Simply Wall St ·  Jan 31 19:29

The Qinhuangdao Tianqin Equipment Manufacturing Co.,Ltd. (SZSE:300922) share price has fared very poorly over the last month, falling by a substantial 26%. The drop over the last 30 days has capped off a tough year for shareholders, with the share price down 16% in that time.

In spite of the heavy fall in price, Qinhuangdao Tianqin Equipment ManufacturingLtd's price-to-sales (or "P/S") ratio of 14.6x might still make it look like a strong sell right now compared to other companies in the Aerospace & Defense industry in China, where around half of the companies have P/S ratios below 6.8x and even P/S below 3x are quite common.
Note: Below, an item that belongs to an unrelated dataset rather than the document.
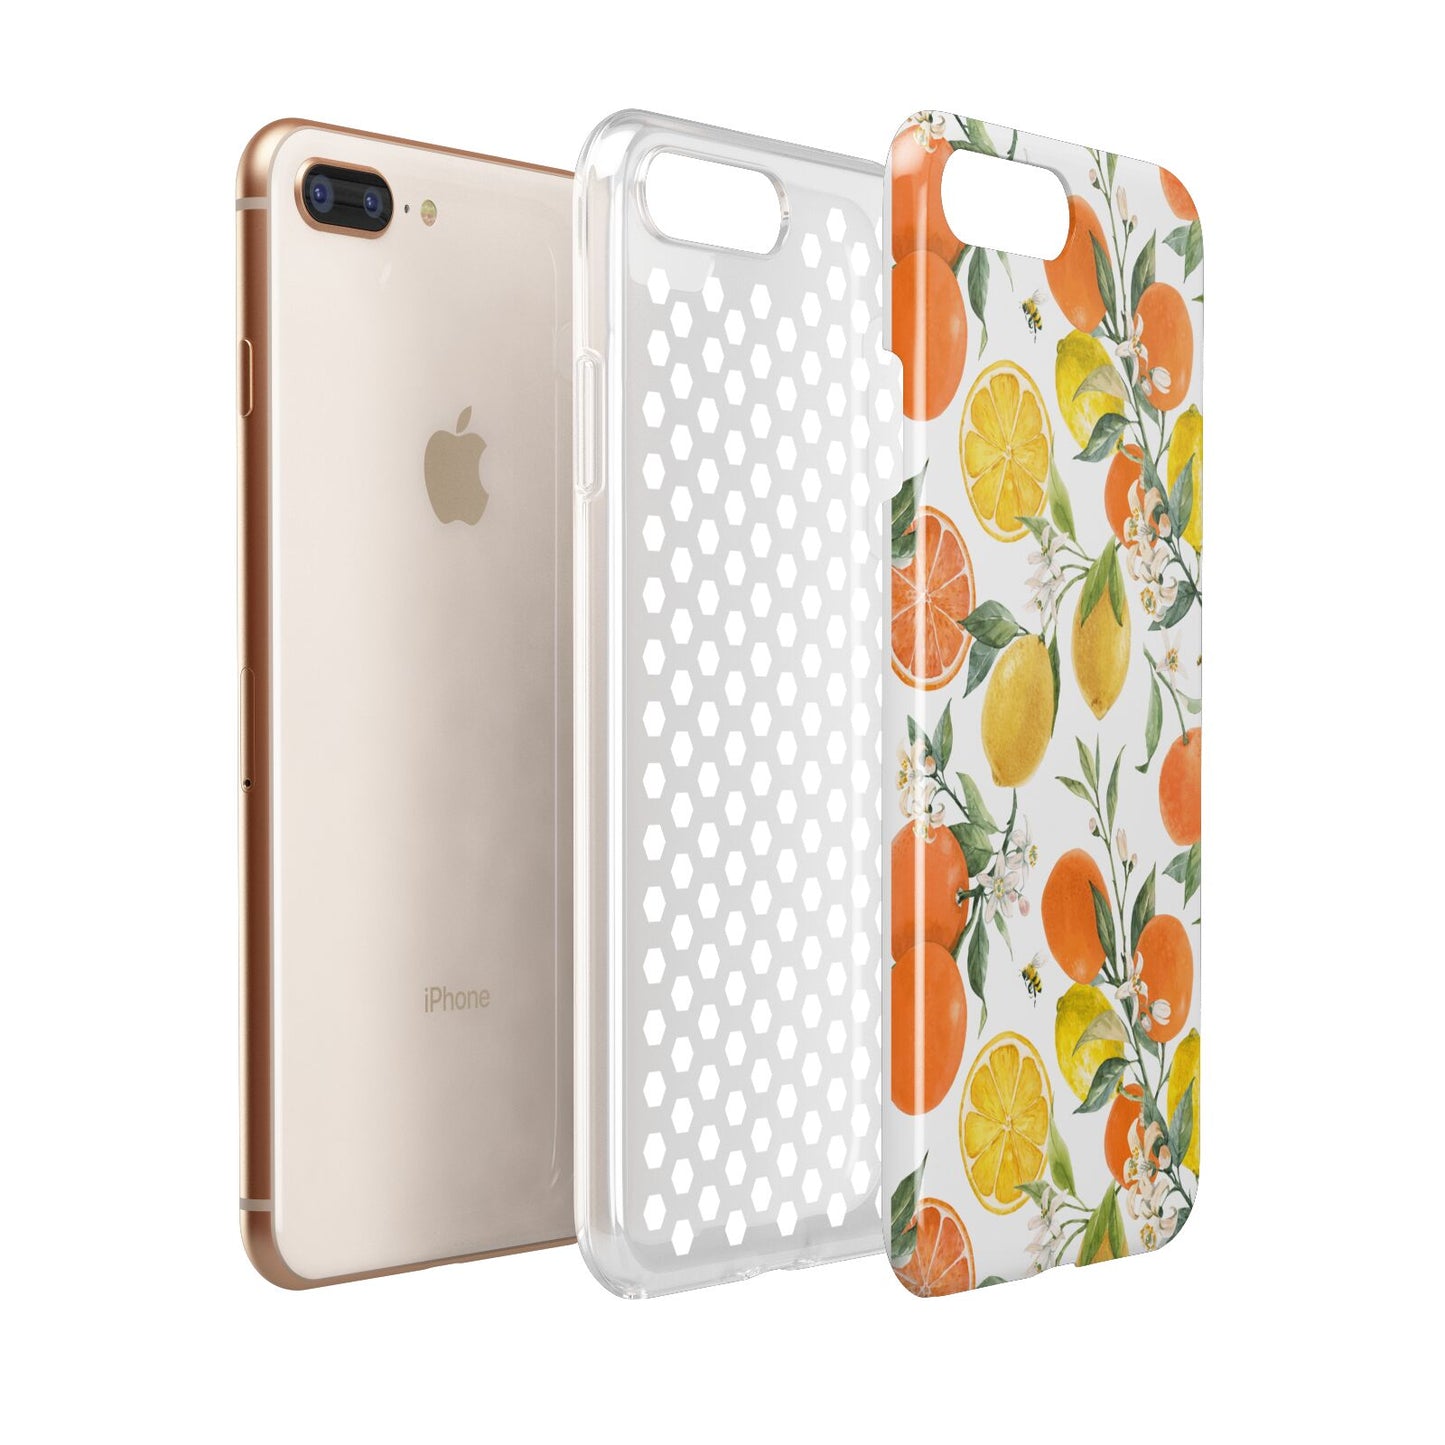 Lemons and Oranges Apple iPhone 7 8 Plus 3D Tough Case Expanded View

Nonetheless, we'd need to dig a little deeper to determine if there is a rational basis for the highly elevated P/S.

Check out our latest analysis for Qinhuangdao Tianqin Equipment ManufacturingLtd

ps-multiple-vs-industry
SZSE:300922 Price to Sales Ratio vs Industry February 1st 2024

How Has Qinhuangdao Tianqin Equipment ManufacturingLtd Performed Recently?
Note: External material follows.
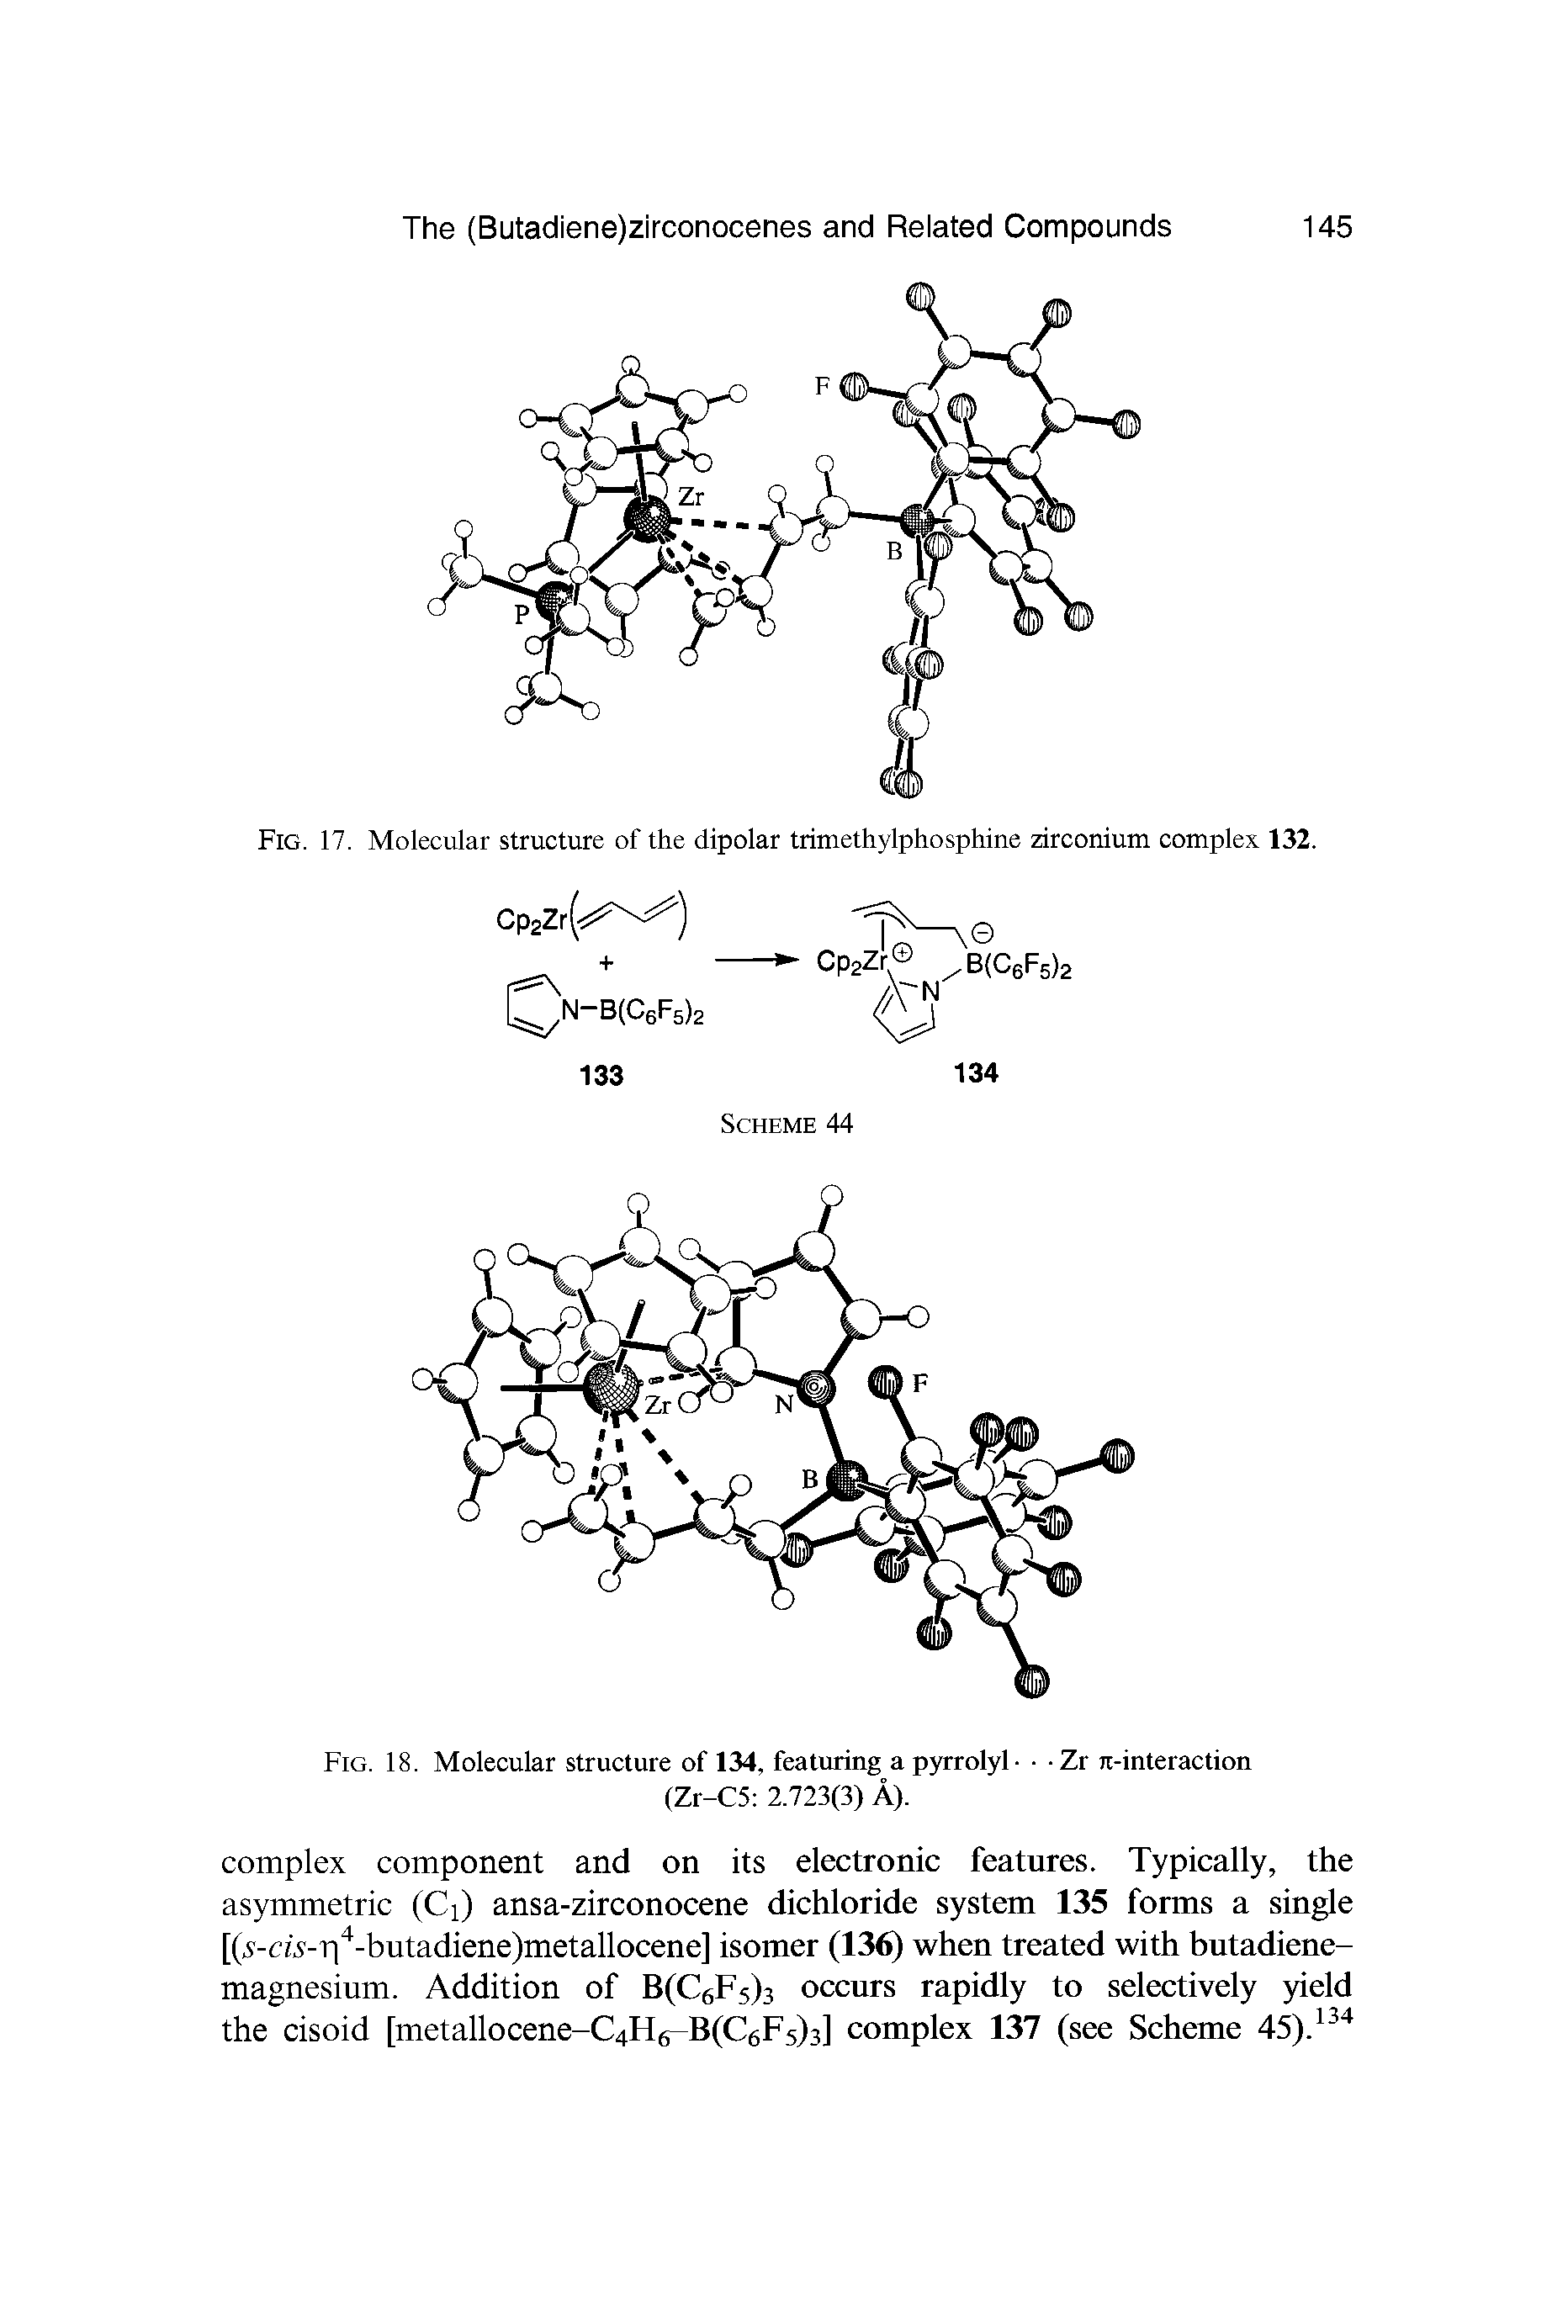 Fig. 17. Molecular structure of the dipolar trimethylphosphine zirconium complex 132.

For instance, Qinhuangdao Tianqin Equipment ManufacturingLtd's receding revenue in recent times would have to be some food for thought. One possibility is that the P/S is high because investors think the company will still do enough to outperform the broader industry in the near future. You'd really hope so, otherwise you're paying a pretty hefty price for no particular reason.

Although there are no analyst estimates available for Qinhuangdao Tianqin Equipment ManufacturingLtd, take a look at this free data-rich visualisation to see how the company stacks up on earnings, revenue and cash flow.
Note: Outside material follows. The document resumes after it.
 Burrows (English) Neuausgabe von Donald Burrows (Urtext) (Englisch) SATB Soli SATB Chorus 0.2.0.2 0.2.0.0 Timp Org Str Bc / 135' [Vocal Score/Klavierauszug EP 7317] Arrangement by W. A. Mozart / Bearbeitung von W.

Is There Enough Revenue Growth Forecasted For Qinhuangdao Tianqin Equipment ManufacturingLtd?

In order to justify its P/S ratio, Qinhuangdao Tianqin Equipment ManufacturingLtd would need to produce outstanding growth that's well in excess of the industry.

In reviewing the last year of financials, we were disheartened to see the company's revenues fell to the tune of 27%. This means it has also seen a slide in revenue over the longer-term as revenue is down 40% in total over the last three years. Accordingly, shareholders would have felt downbeat about the medium-term rates of revenue growth.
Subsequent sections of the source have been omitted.